Capitals goalie Jose Theodore expected to play after 'stinger'

By Gene Wang
Washington Post Staff Writer
Thursday, April 15, 2010; D08

The Washington Capitals had a minor scare on Wednesday morning when goalie José Theodore, named the playoff starter a day before, had to leave midway through practice after getting struck in the knee by a shot from Alex Ovechkin Dave Steckel.

The injury was not serious, according to Coach Bruce Boudreau, and Theodore is expected to play Thursday night when the Capitals open the postseason at Verizon Center against the Montreal Canadiens.

"He just got a stinger shot," Boudreau said after practice. "If you've ever played and you get hit on the inside of the knee, almost like a funny bone, it goes numb for a bit, but we decided to keep him off because he'd already had his shots. . . . It hurts right off the bat, but it's on the bone, so it's fine."

After Ovechkin Steckel accidentally sent a puck into Theodore's knee, he and defenseman Mike Green had a short conversation with the goalie, who went to the bench for a few moments before coming back onto the ice and then skating off and walking into the locker room.

Theodore had cleared his locker and did not speak to the media following the workout.

"I don't know what happened," Green said, "so I don't want to comment.
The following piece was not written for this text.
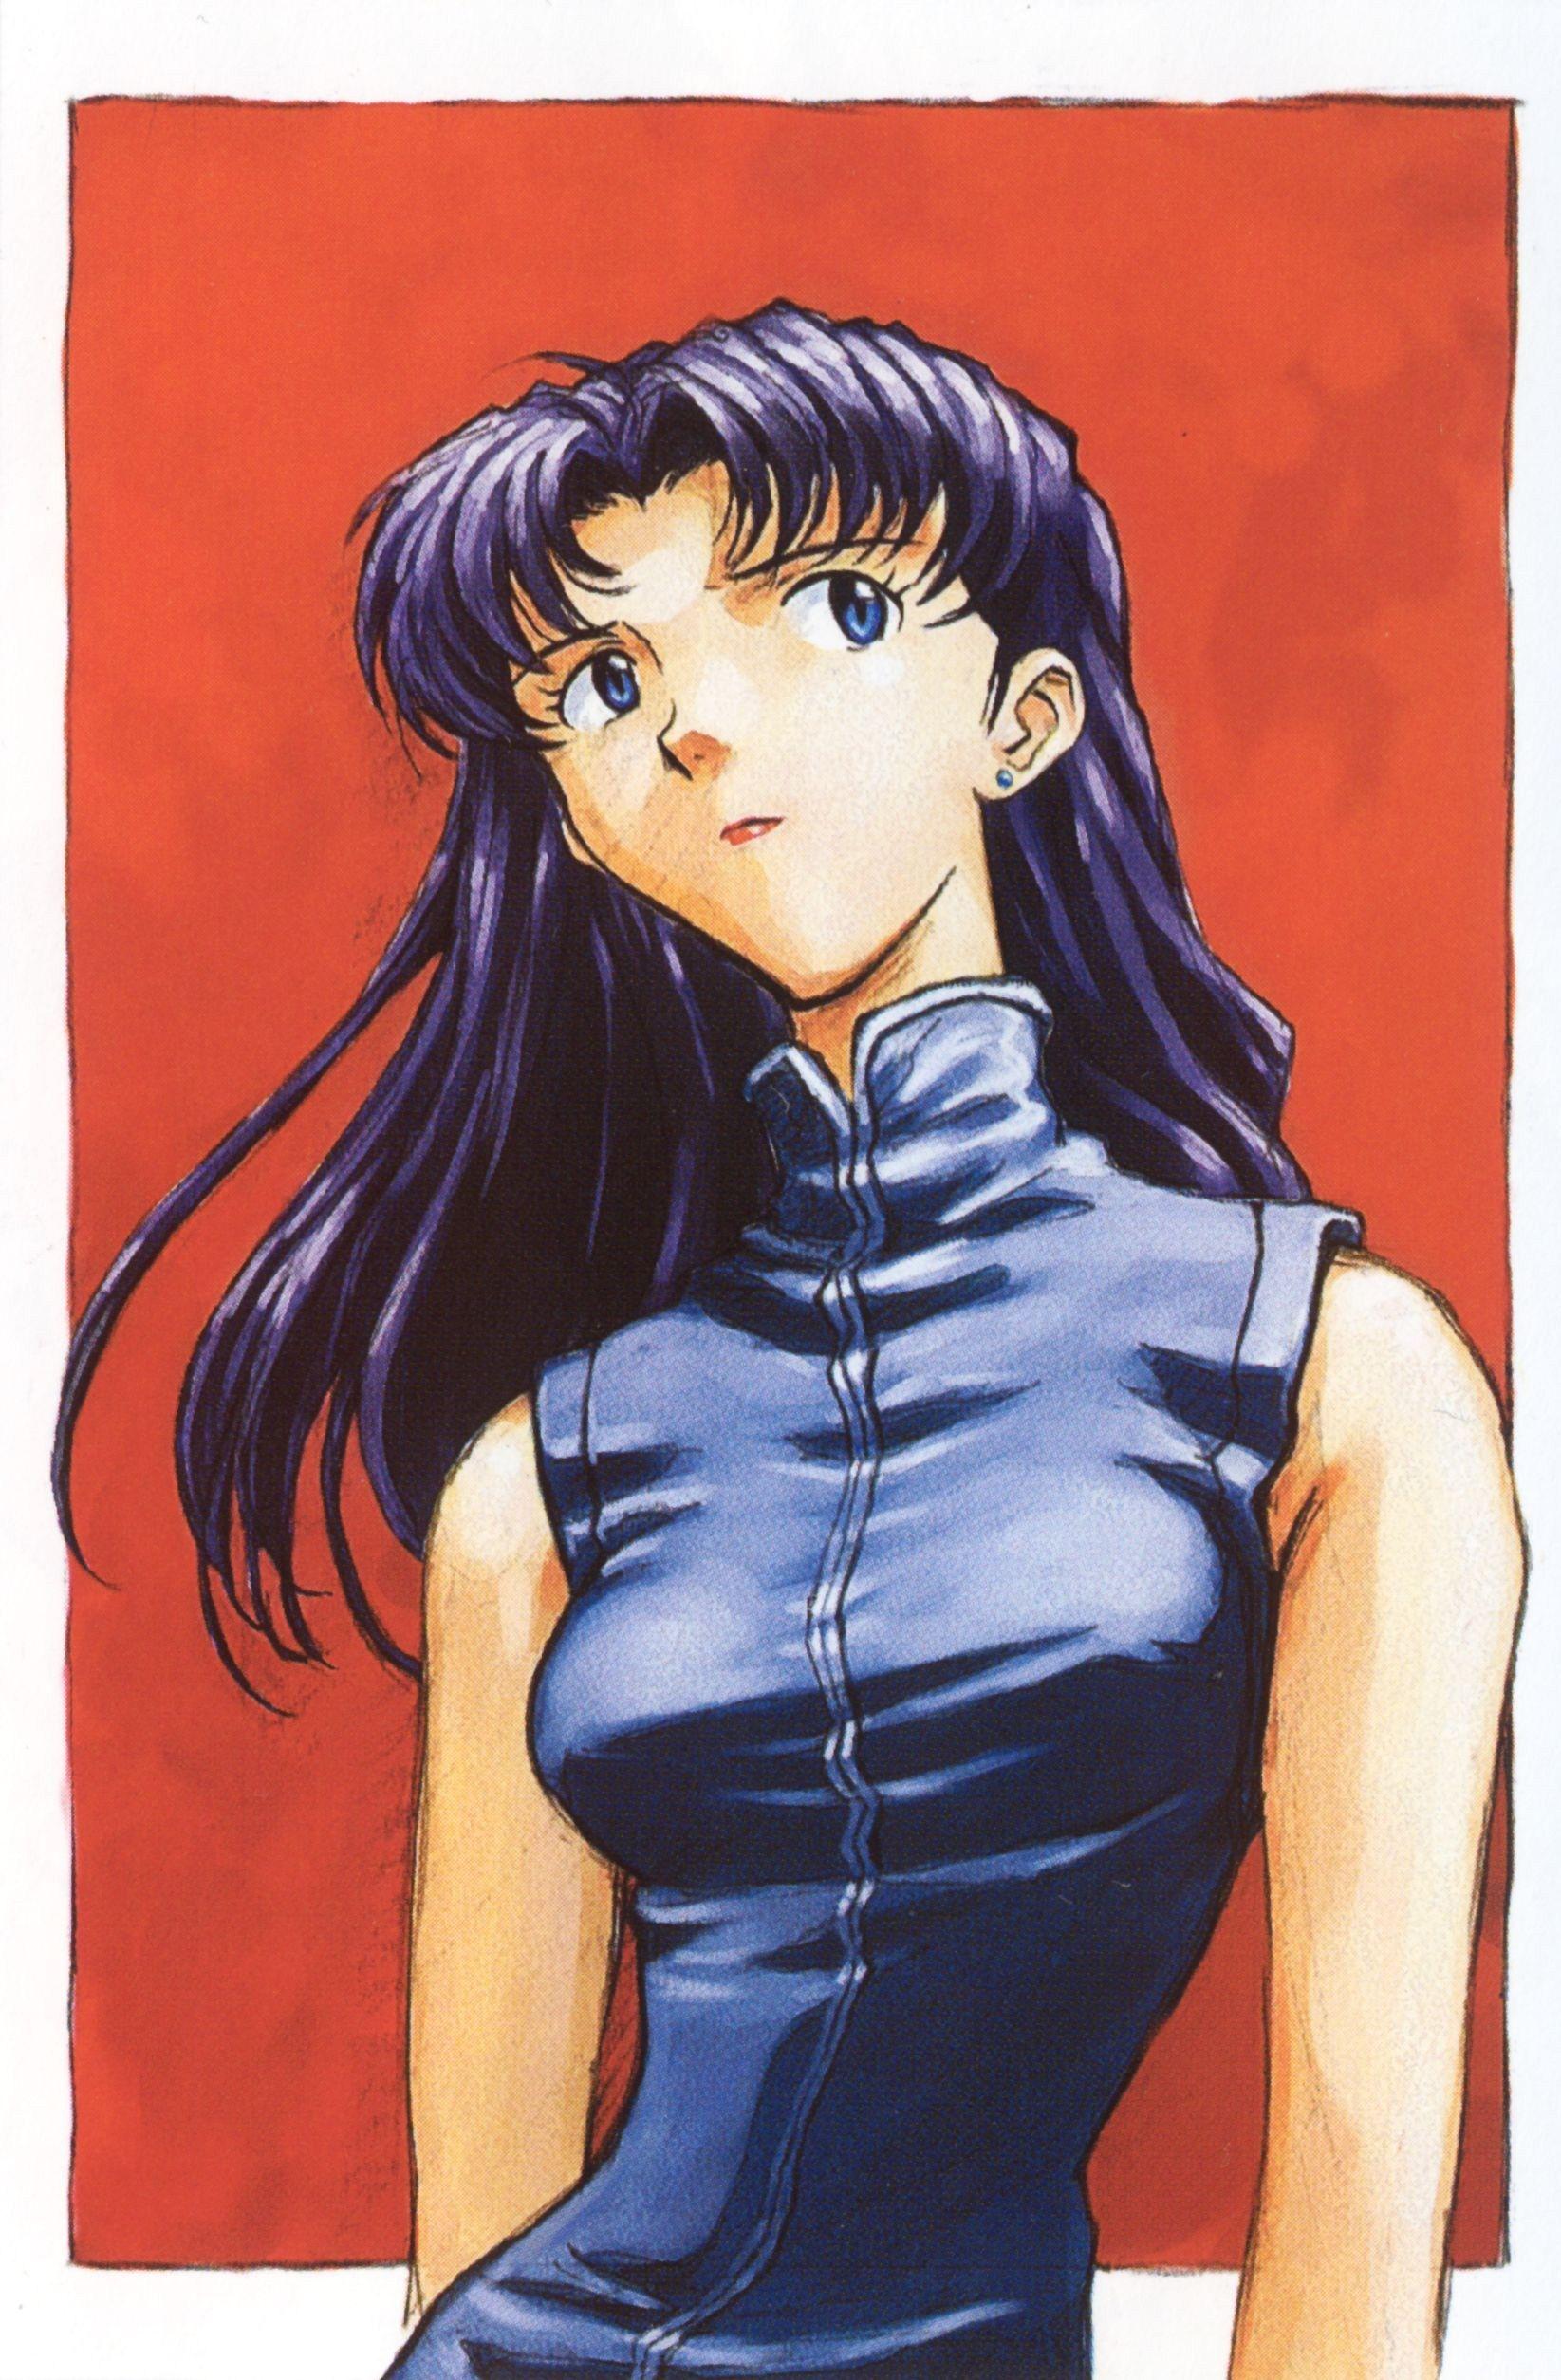 Misato Wallpaper : misato, wallpaper, MIsato, Katsuragi, Evangelion,, Genesis, Evangelion

I just hope he's fine."

Theodore is set to face his former team in the playoffs for the first time since he left Montreal, where he won the Hart and Vezina trophies in 2002.

Backstrom ready to go

First-line center Nicklas Backstrom was back on the ice one day after missing practice with an undisclosed illness and indicated he would be in the lineup for the playoff opener.

"I was sick, and I was laying down in bed all day," Backstrom said, "but I feel better today, and I mean, I'm getting ready for tomorrow."
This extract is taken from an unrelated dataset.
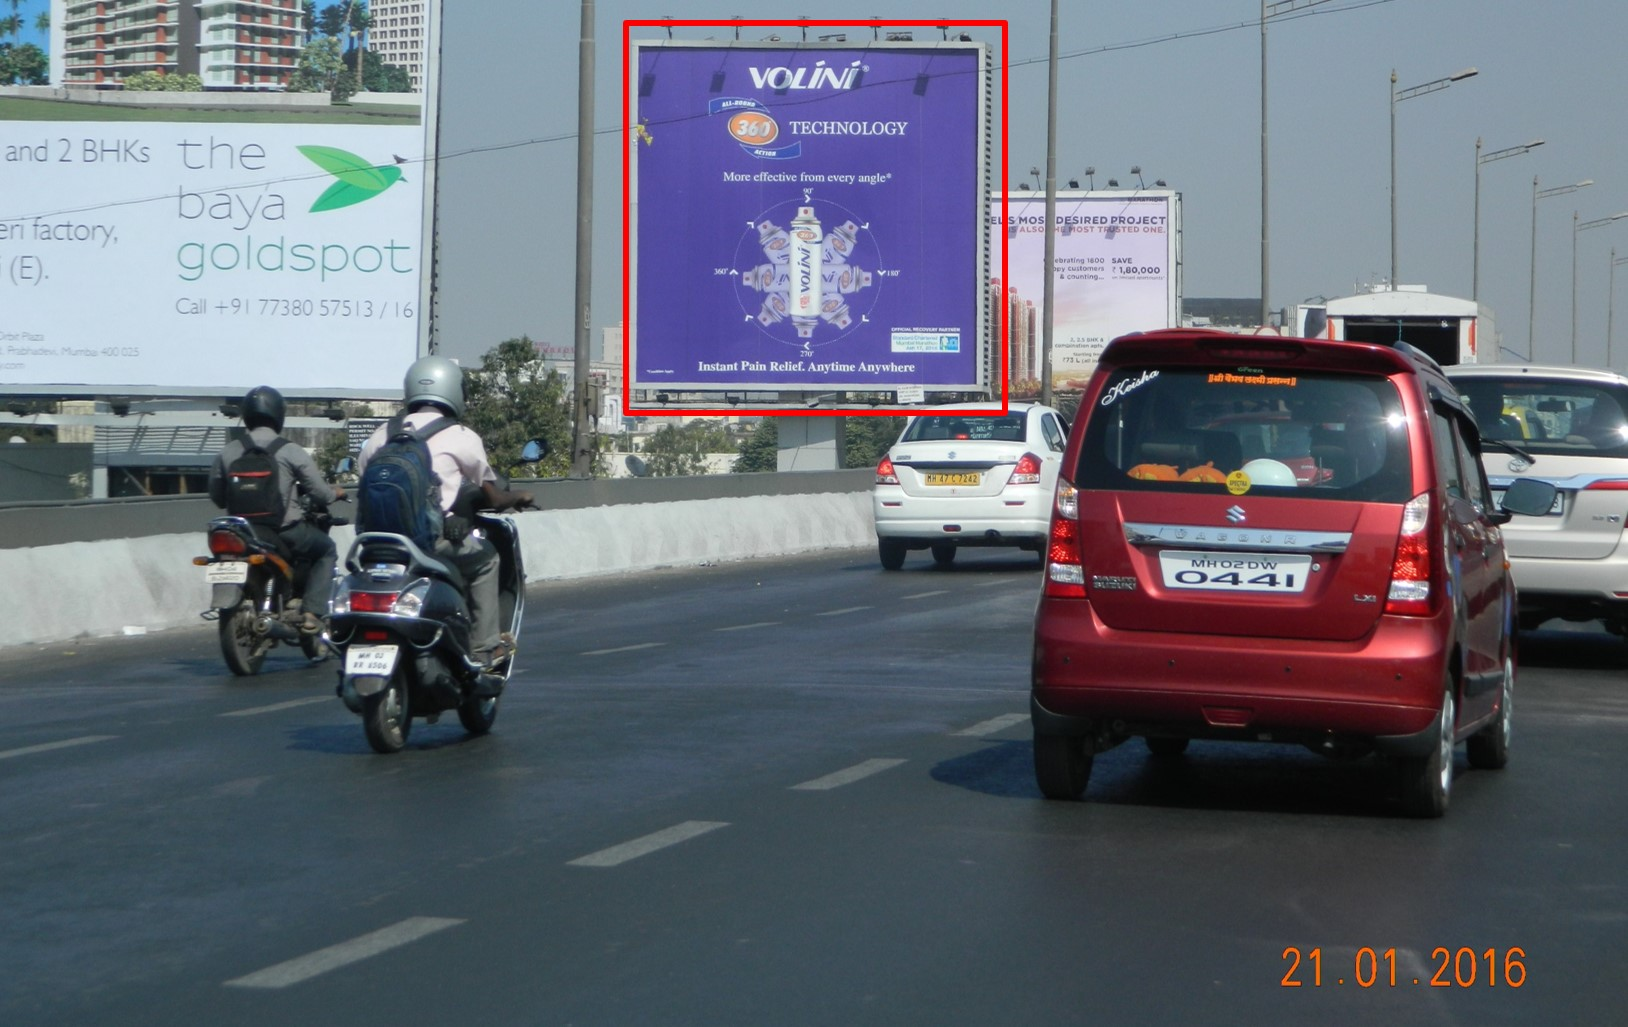 WEH, Andheri Jog Flyover ET, Mumbai

Backstrom has played in a team-high 267 consecutive games including the playoffs, and although he has a history of migraines, he did not specify if that was the reason for his absence from practice on Tuesday.
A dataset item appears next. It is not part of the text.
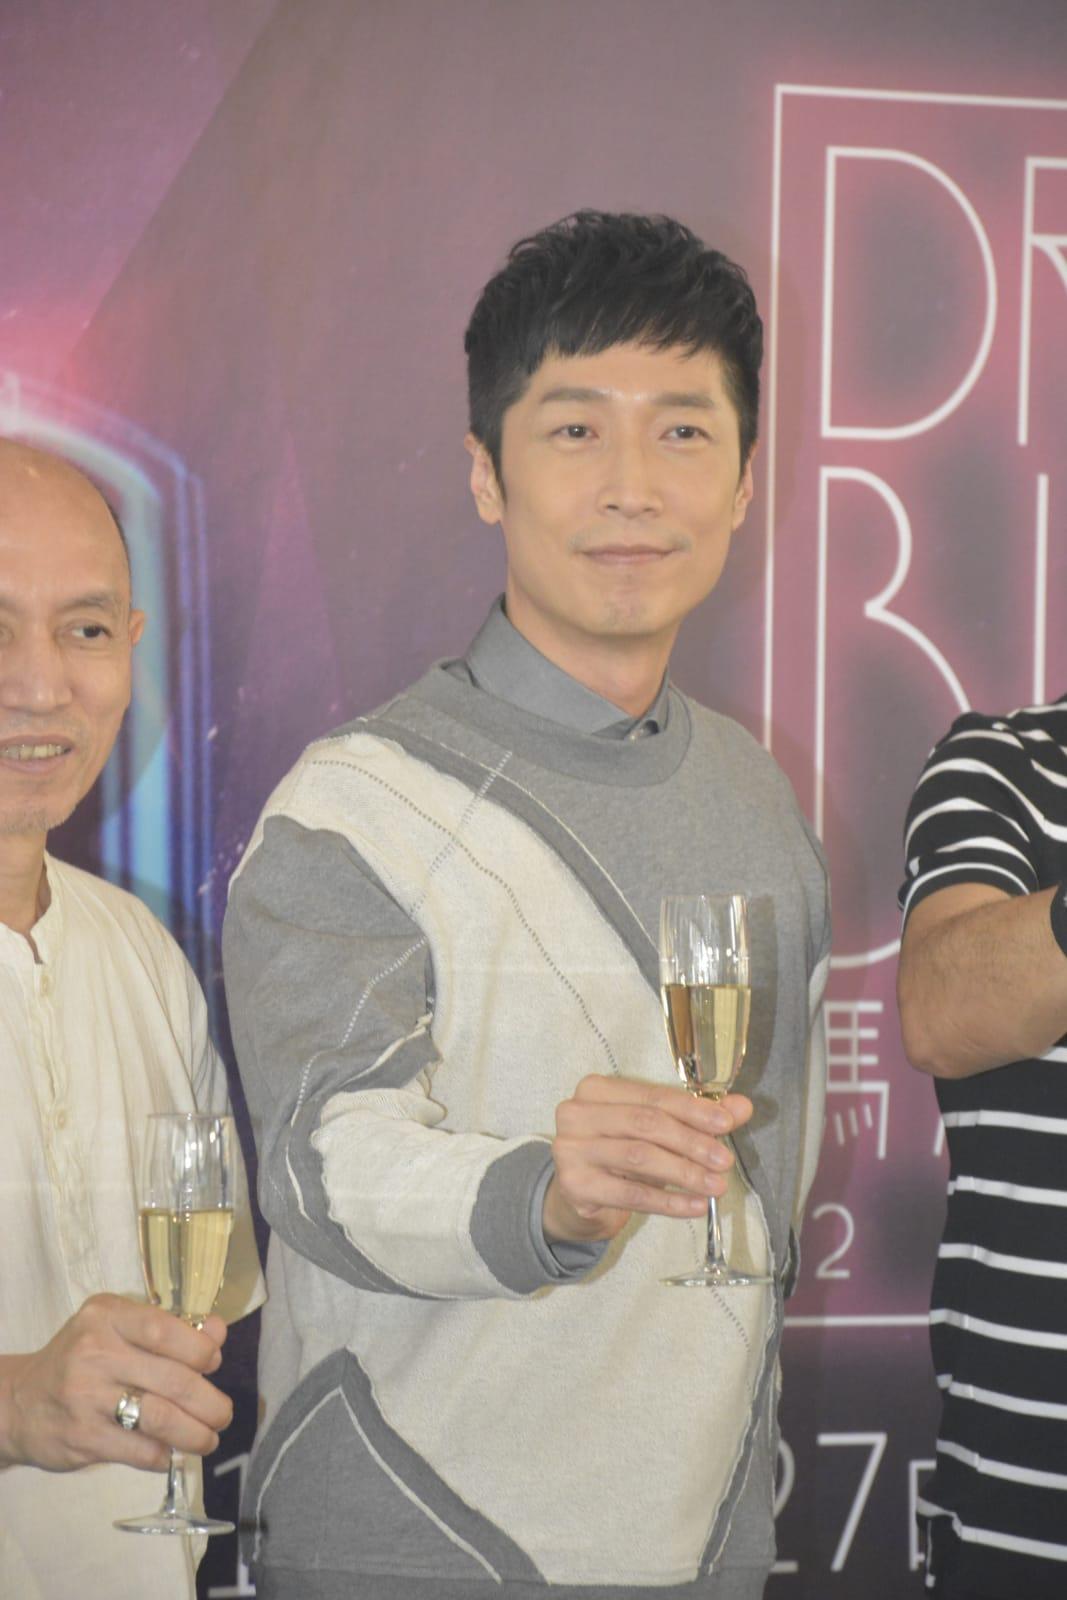 馬浚偉將於10月舉行演唱會,直言女神周慧敏作嘉賓,好開心。

Backstrom has missed parts of three games during his NHL career because of the severe headaches. Most recently, Backstrom missed the final 39 minutes of a 2-1 loss to Los Angeles on Jan. 2 with a migraine.

"I don't know. I don't want to go into details," Backstrom said, "but I was sick. I'll be fine. I'm excited" for the playoffs to start.

With 101 points, Backstrom is the Capitals' second-leading scorer behind Alex Ovechkin. Backstrom finished with a team- and career-high 68 assists, and his 33 goals were also a career high after collecting 36 combined over his first two seasons.

Backstrom was one of four players in the league this season to record 100 points, joining Ovechkin, Sidney Crosby and Henrik Sedin, who won the Art Ross Trophy with 112 points.

"Nicky's fine," Boudreau said. "He went through practice. He's not feeling 100 percent, but I mean another day of rest after today's practice, getting up a little sweat, I think he'll be fine."